→ Your task
Write back every line of the listing exactly, excluding images.
(Dataset content Opens)
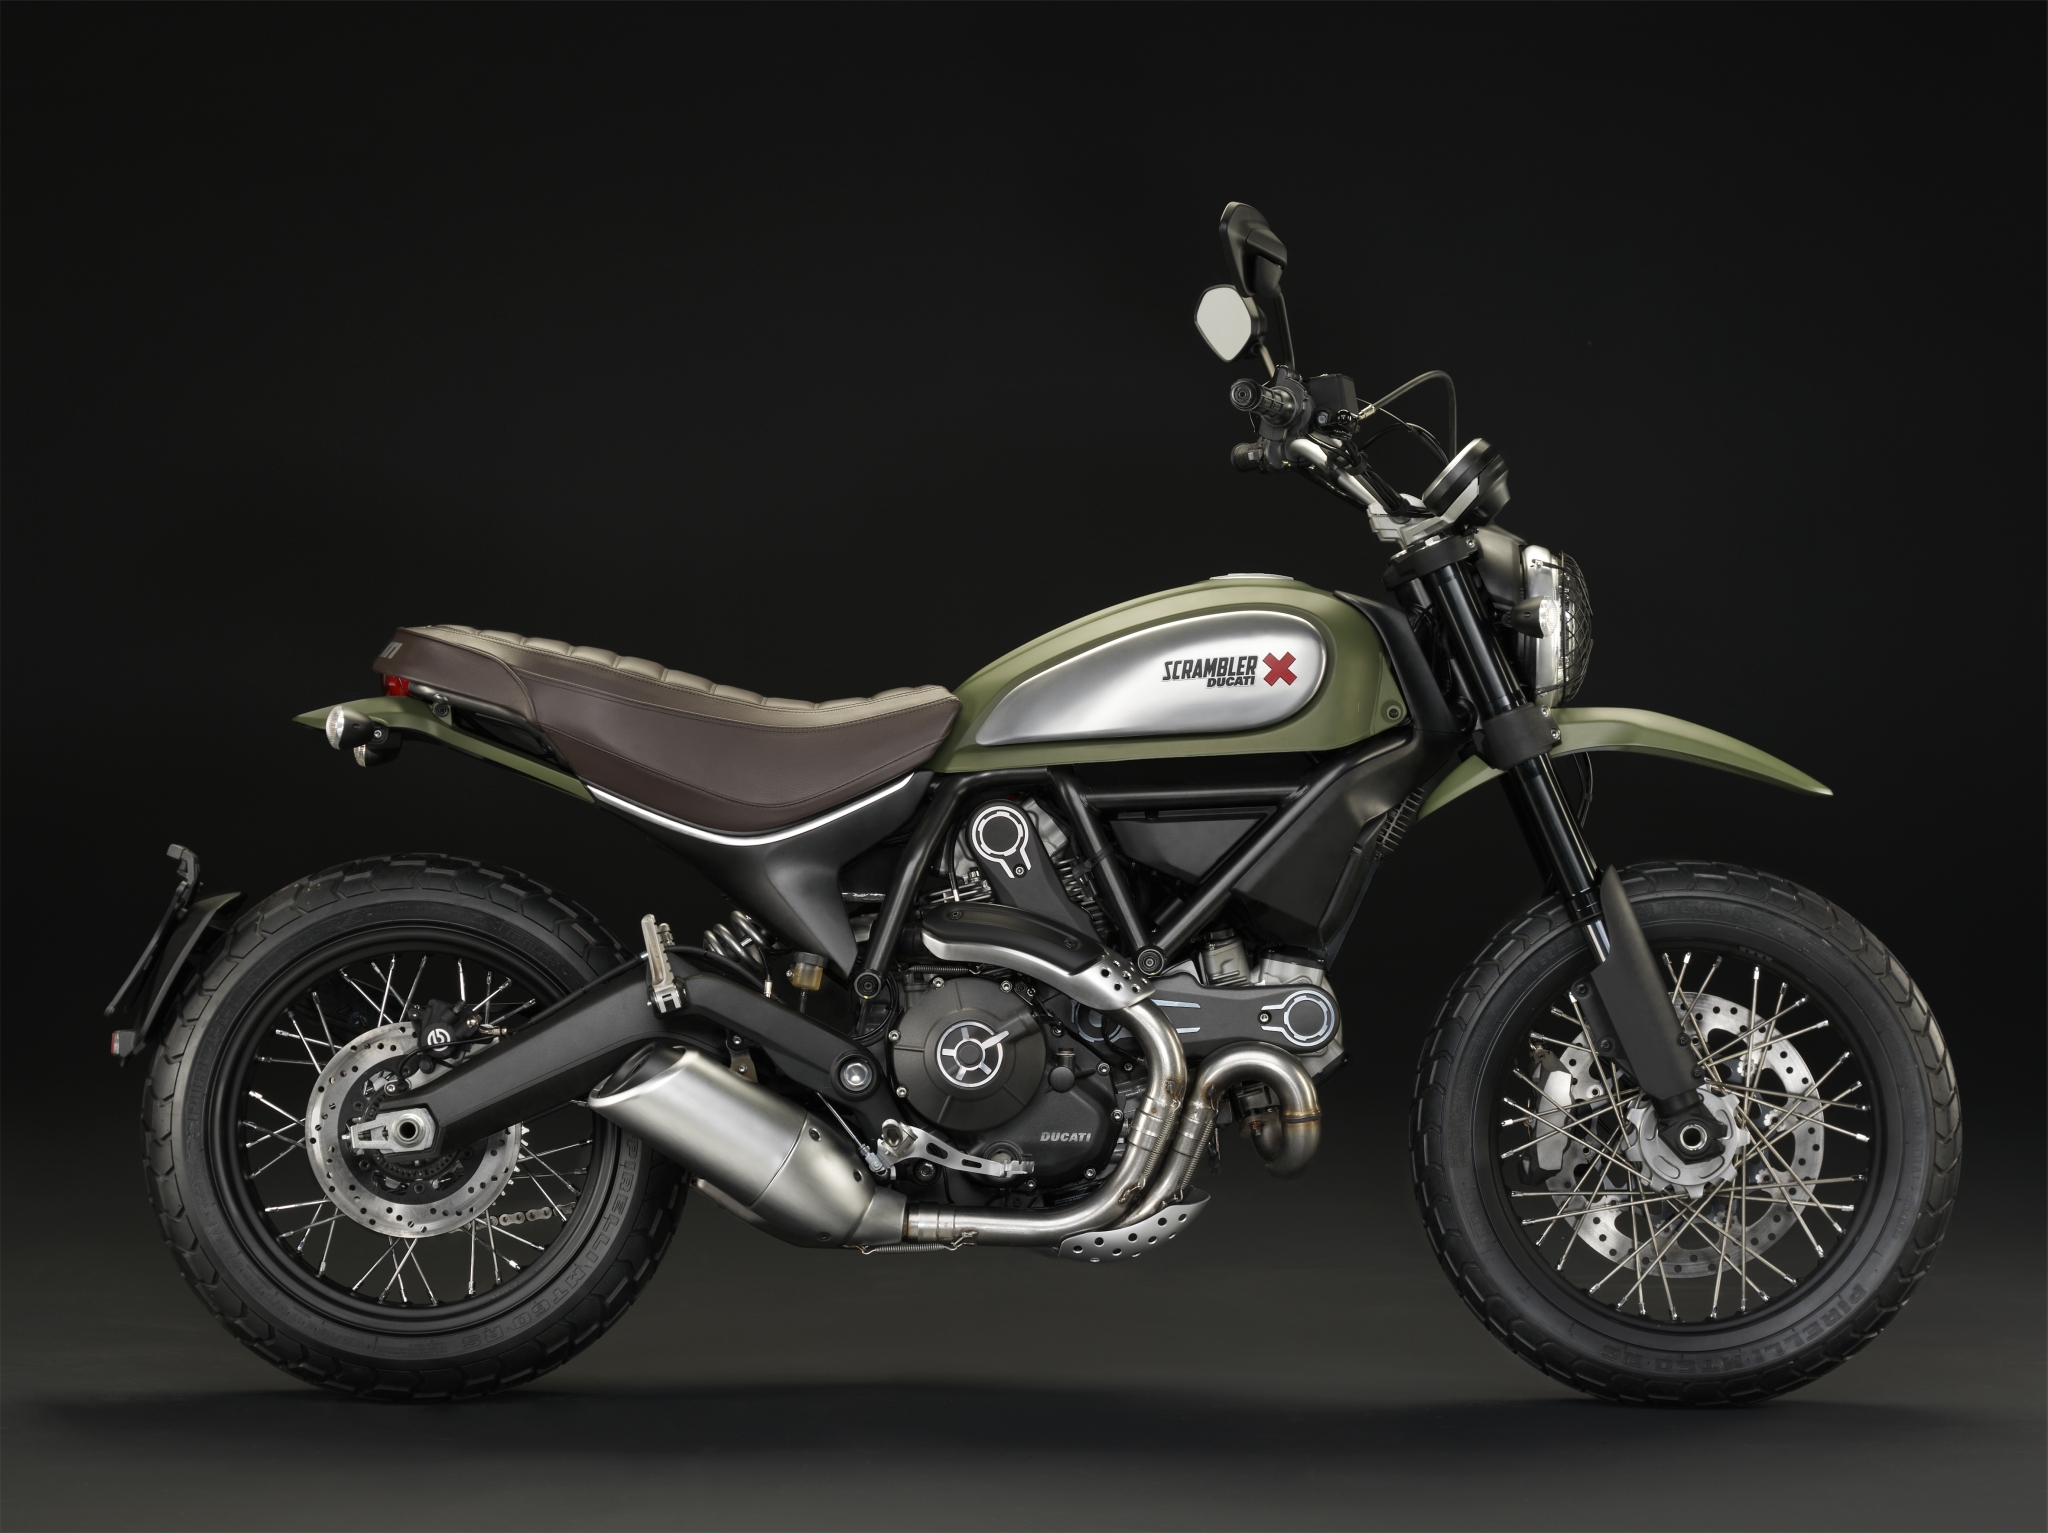 75 Pics of the 2015 Ducati Scrambler and It Doesn't Look Bad at All
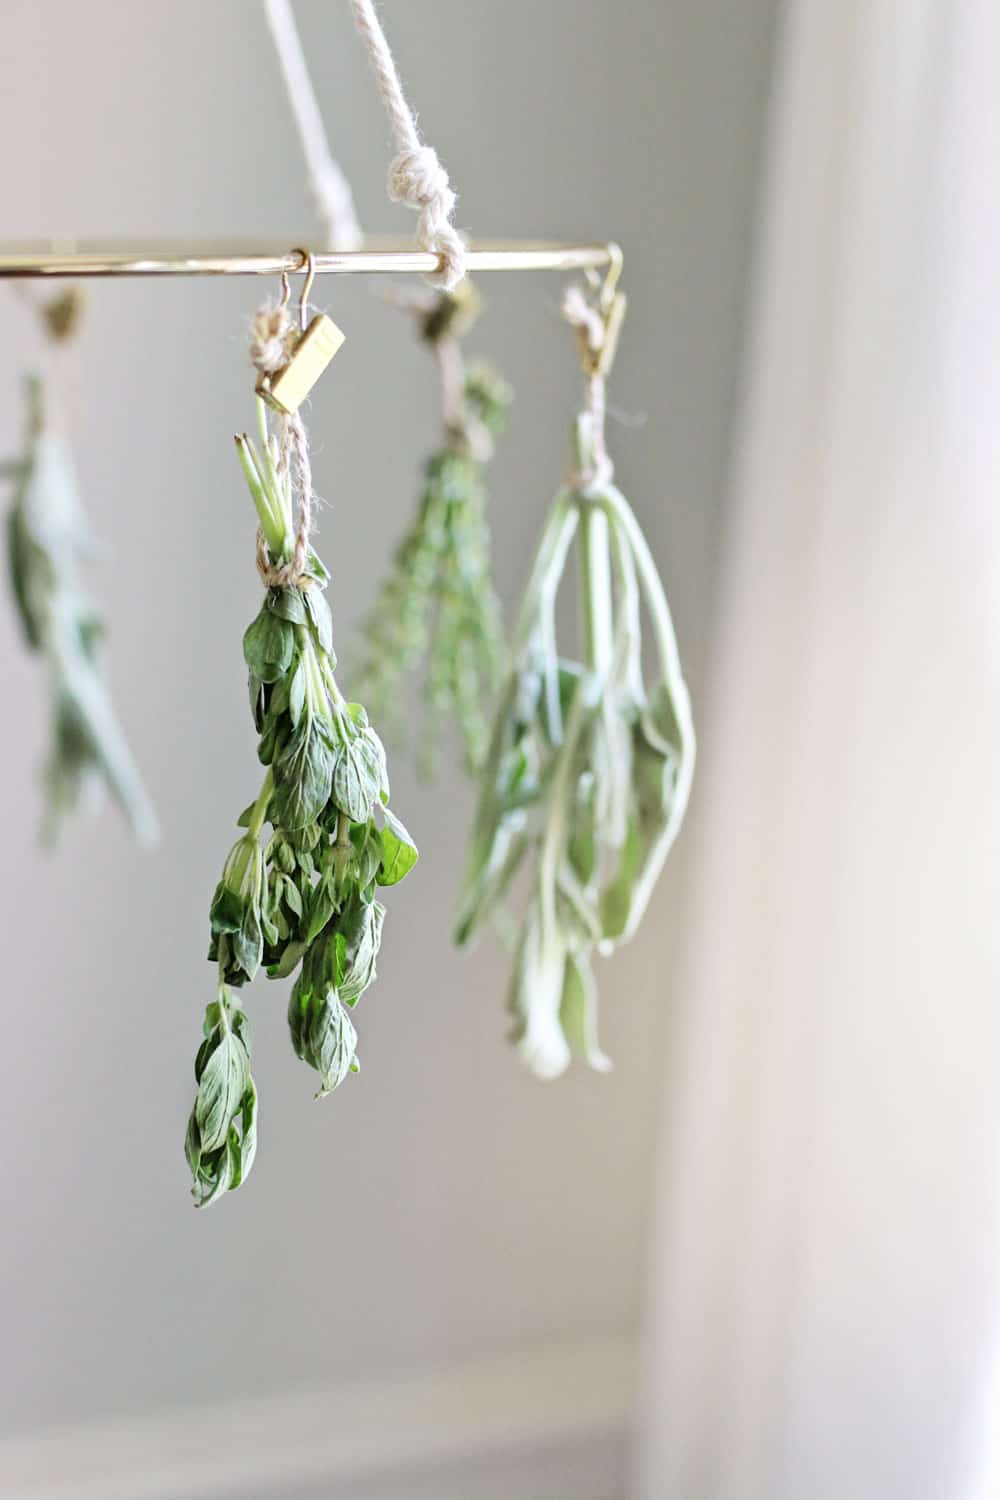 Dry your own herbs with a DIY drying rack
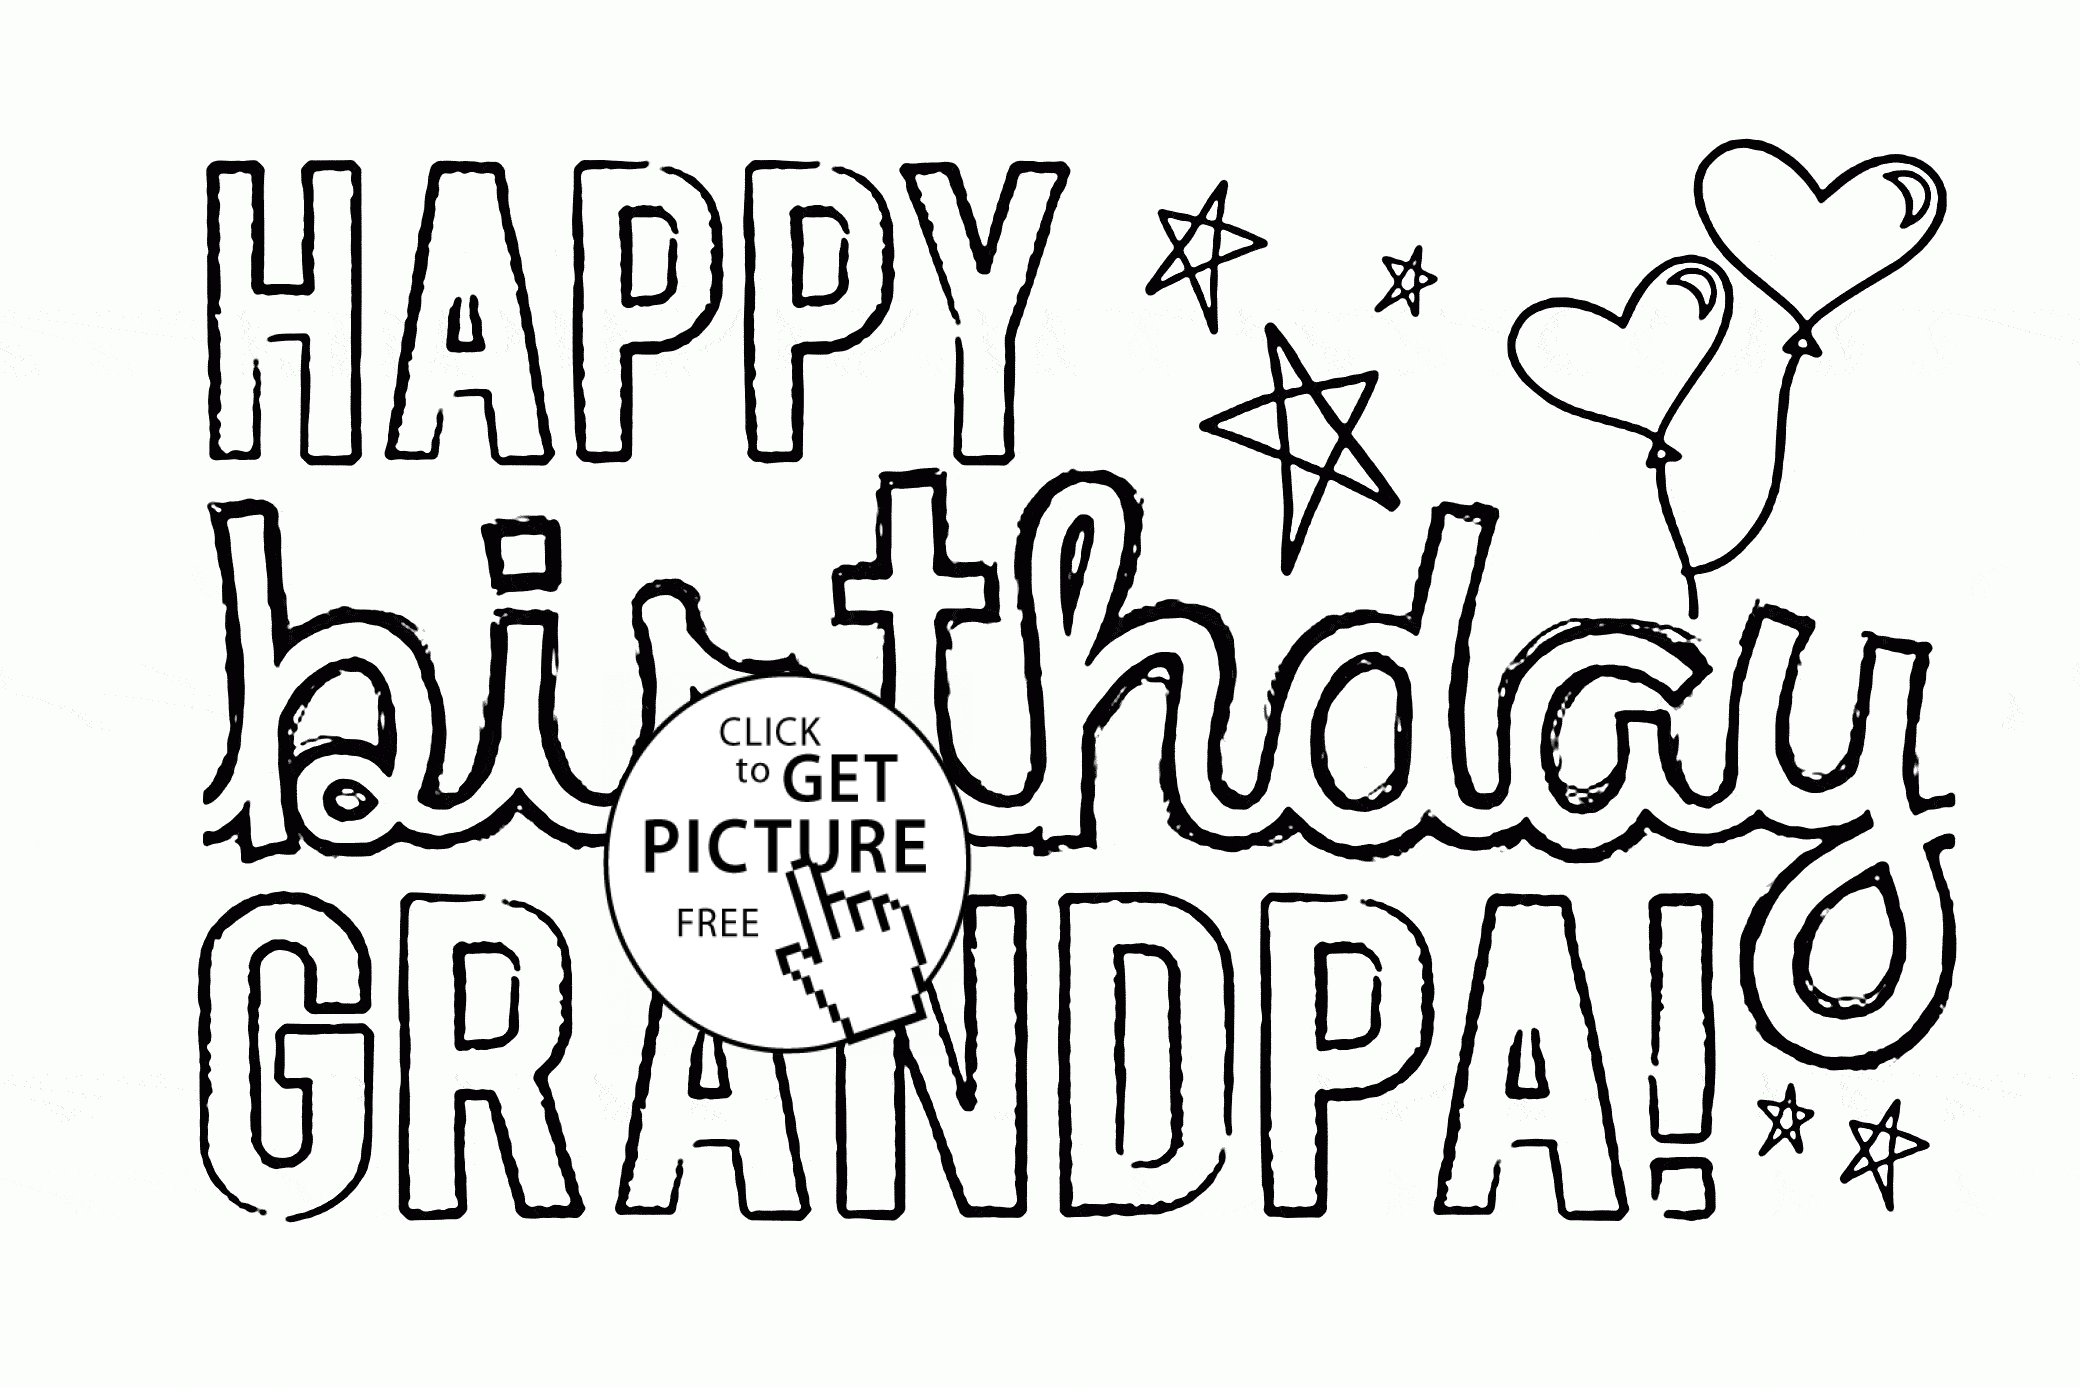 Happy birthday grandpa coloring page for kids holiday coloring pages printables free
(Dataset content Closes)
→ Written reply
 75 Pics of the 2015 Ducati Scrambler and It Doesn't Look Bad at All
 Dry your own herbs with a DIY drying rack
 Happy birthday grandpa coloring page for kids holiday coloring pages printables free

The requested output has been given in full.